(EXERCISE): Nothing but the lines below from the one holding "Classic School Uniform" up to and including the one holding "Boyt Harness LS" should be copied, exactly and without pictures.

(MATERIALS PROVIDED):
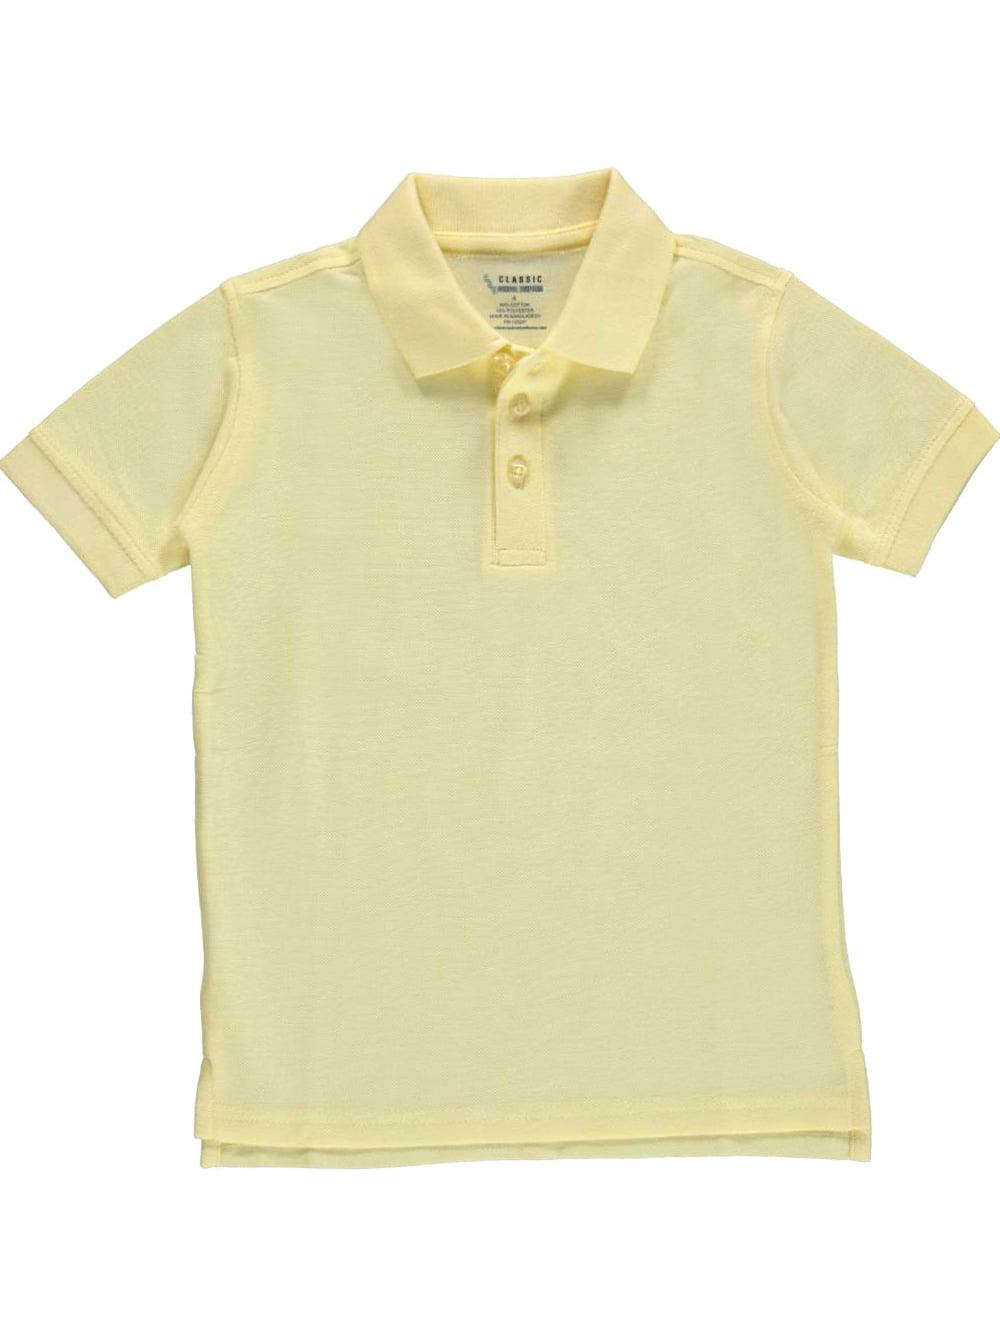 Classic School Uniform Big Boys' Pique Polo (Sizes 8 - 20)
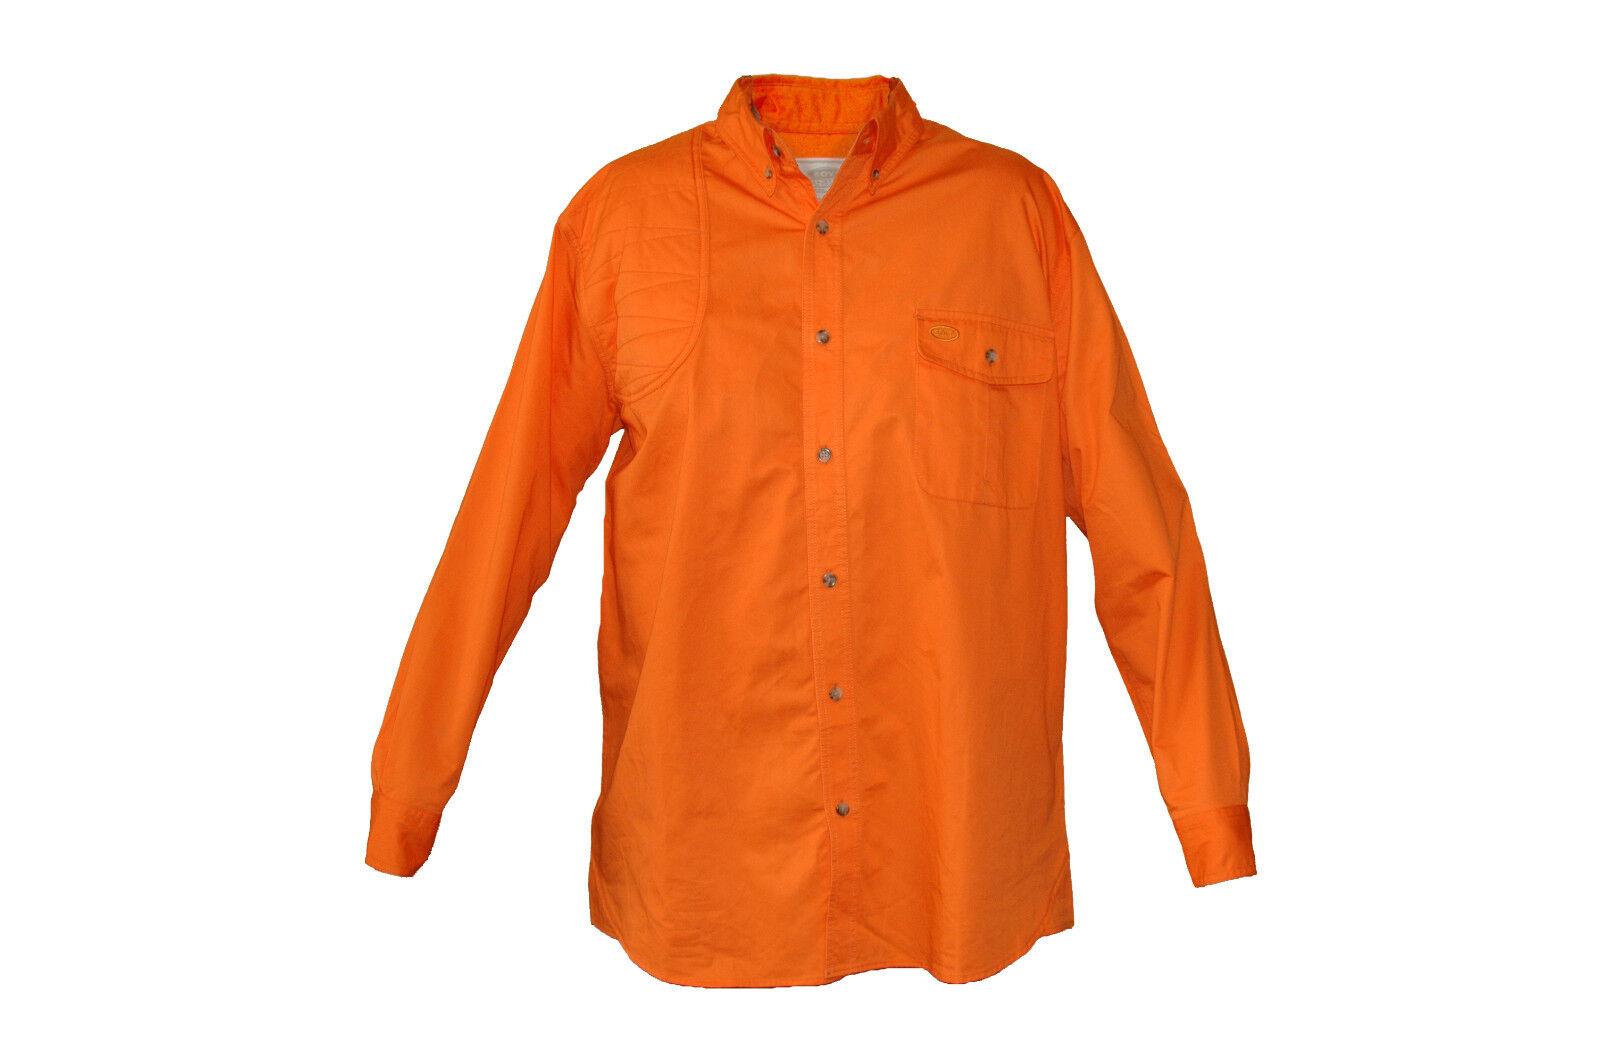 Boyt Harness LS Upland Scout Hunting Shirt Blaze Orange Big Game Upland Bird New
--
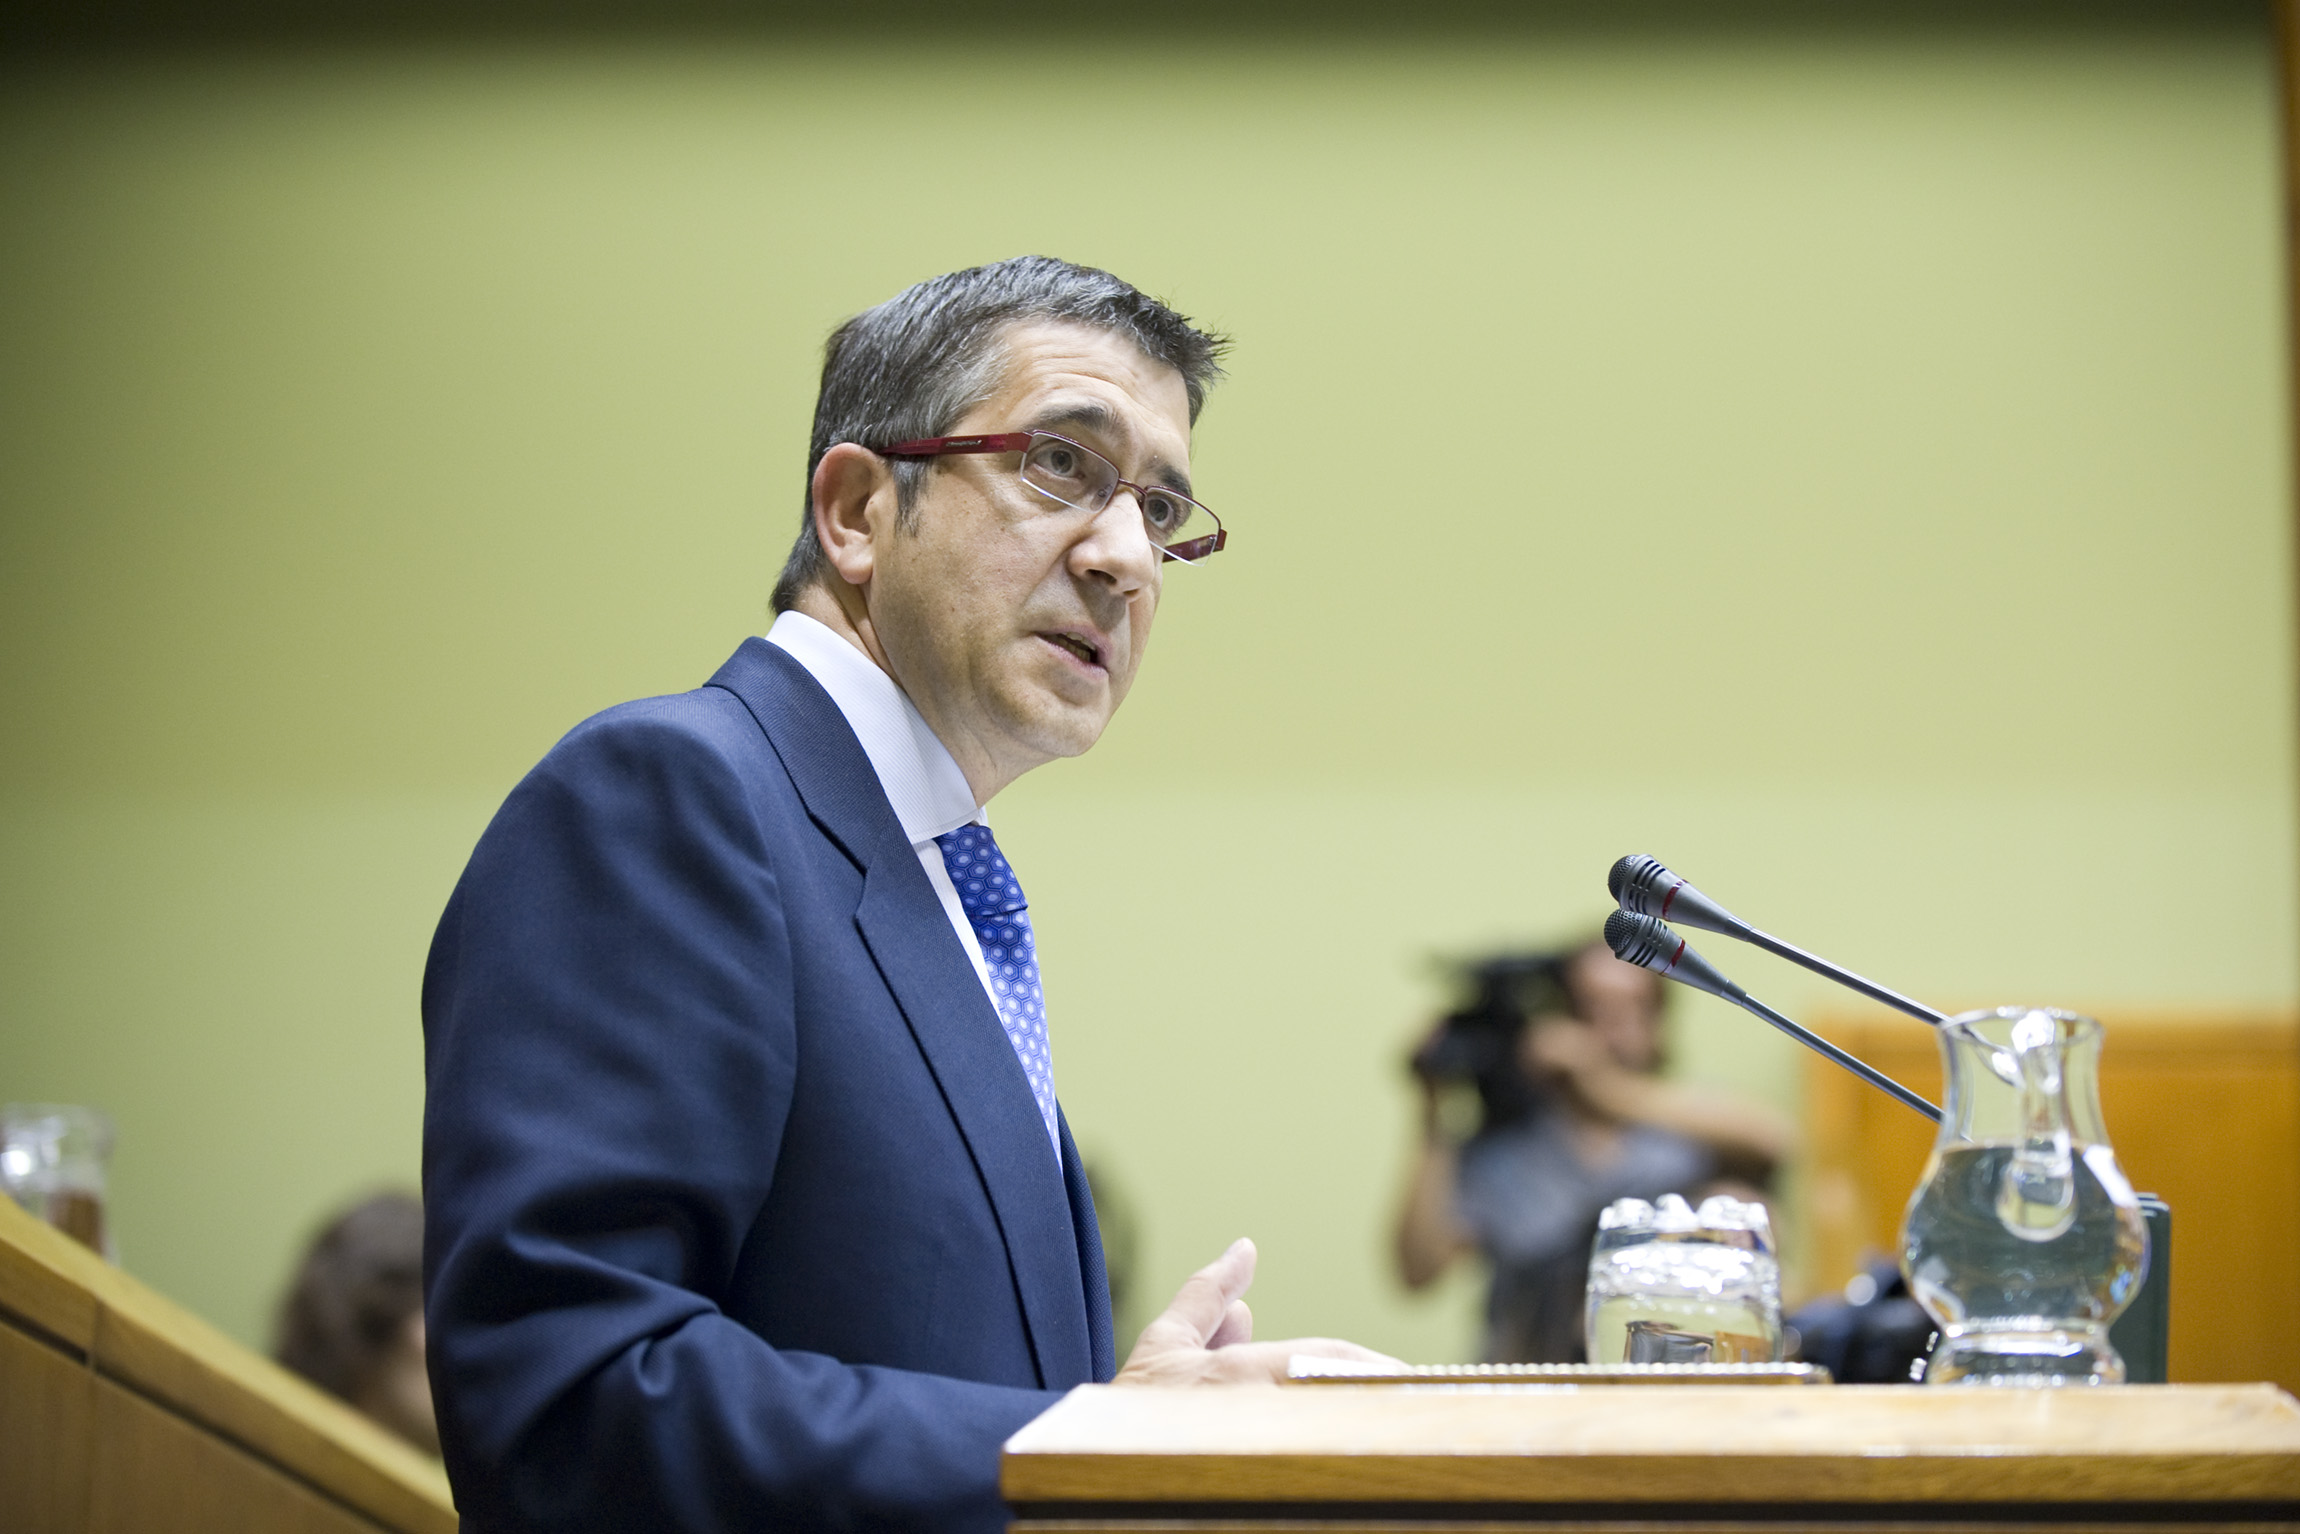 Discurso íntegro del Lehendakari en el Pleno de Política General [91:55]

(THE ANSWER):
 Classic School Uniform Big Boys' Pique Polo (Sizes 8 - 20)
 Boyt Harness LS Upland Scout Hunting Shirt Blaze Orange Big Game Upland Bird New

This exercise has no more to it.